L’uomo, che dal mese di settembre è sottoposto al regime degli arresti domiciliari con braccialetto elettronico poiché già tratto in arresto per aver aggredito i congiunti e i Carabinieri intervenuti in un precedente episodio di violenza domestica, nel pomeriggio di ieri, al culmine dell’ennesima lite familiare, ha dato in escandescenze ed ha incendiato l’auto della sorella e del marito di quest’ultima, parcheggiate nel cortile di proprietà dei due nuclei familiari.

Poi, barricatosi in casa, ha iniziato ad inveire contro i Carabinieri immediatamente intervenuti, iniziando ad insultarli e a minacciarli.

I militari, con grande perizia, sono comunque riusciti ad entrare nell’abitazione, dove l’uomo dopo averli aggrediti con calci e pugni, è stato immobilizzato e tratto in arresto.

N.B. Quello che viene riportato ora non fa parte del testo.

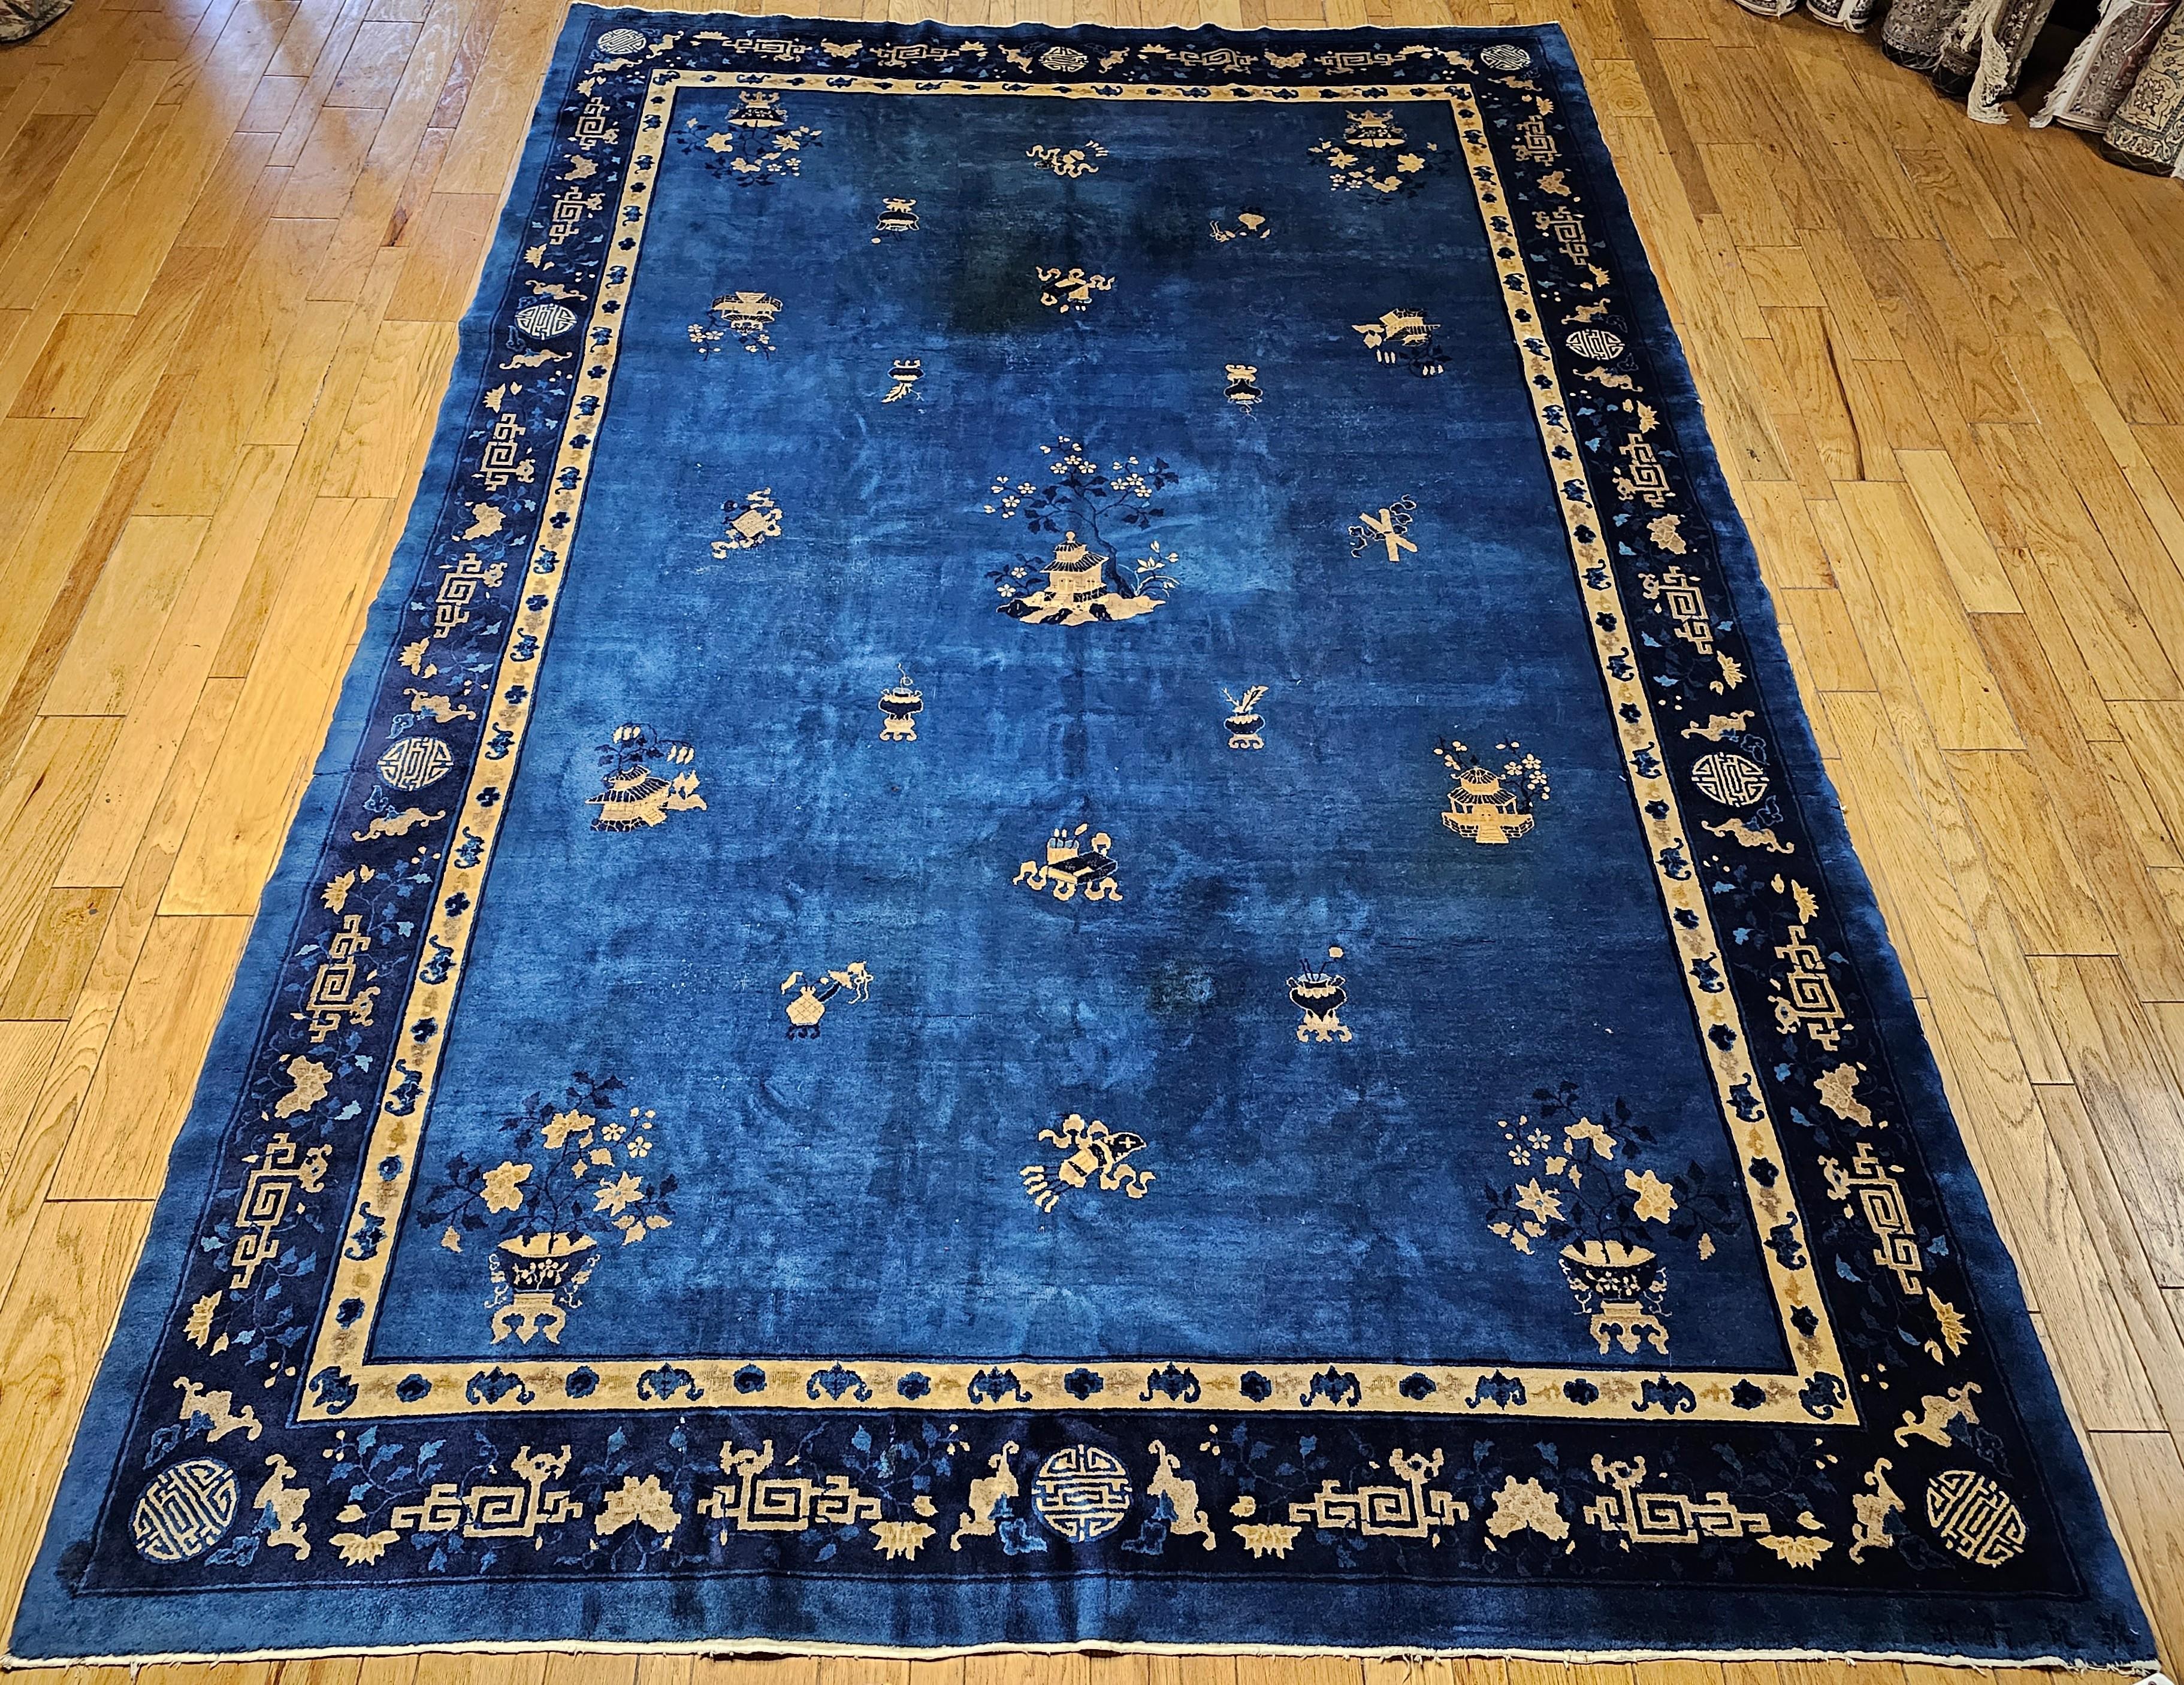 Magnifique tapis chinois Art déco du premier quart des années 1900. Le tapis apporterait de l'élégance par sa sobriété.  Le tapis présente un champ de couleur bleu royal avec des objets et des symboles de bon augure, notamment des brûleurs d'encens,

Ancora in forte agitazione è stato visitato dal personale del 118 e trasportato presso l’Ospedale di Viterbo.

Anche in questo caso, il tempestivo intervento dei Carabinieri ha scongiurato che il reato fosse portato a ben più gravi e irreparabili conseguenze.I Vigili del Fuoco si sono invece occupati di spegnere le fiamme, che hanno comunque danneggiato in modo irreparabile le due utilitarie, per un danno stimato intorno ai 5.000,00 euro.I Carabinieri hanno posto sotto sequestro una bottiglia contenente liquido infiammabile ed un accendino, utilizzati per appiccare l’incendio.

L’arrestato dovrà, ora, rispondere dei reati di atti persecutori, resistenza a pubblico ufficiale, lesioni e danneggiamento seguito da incendio.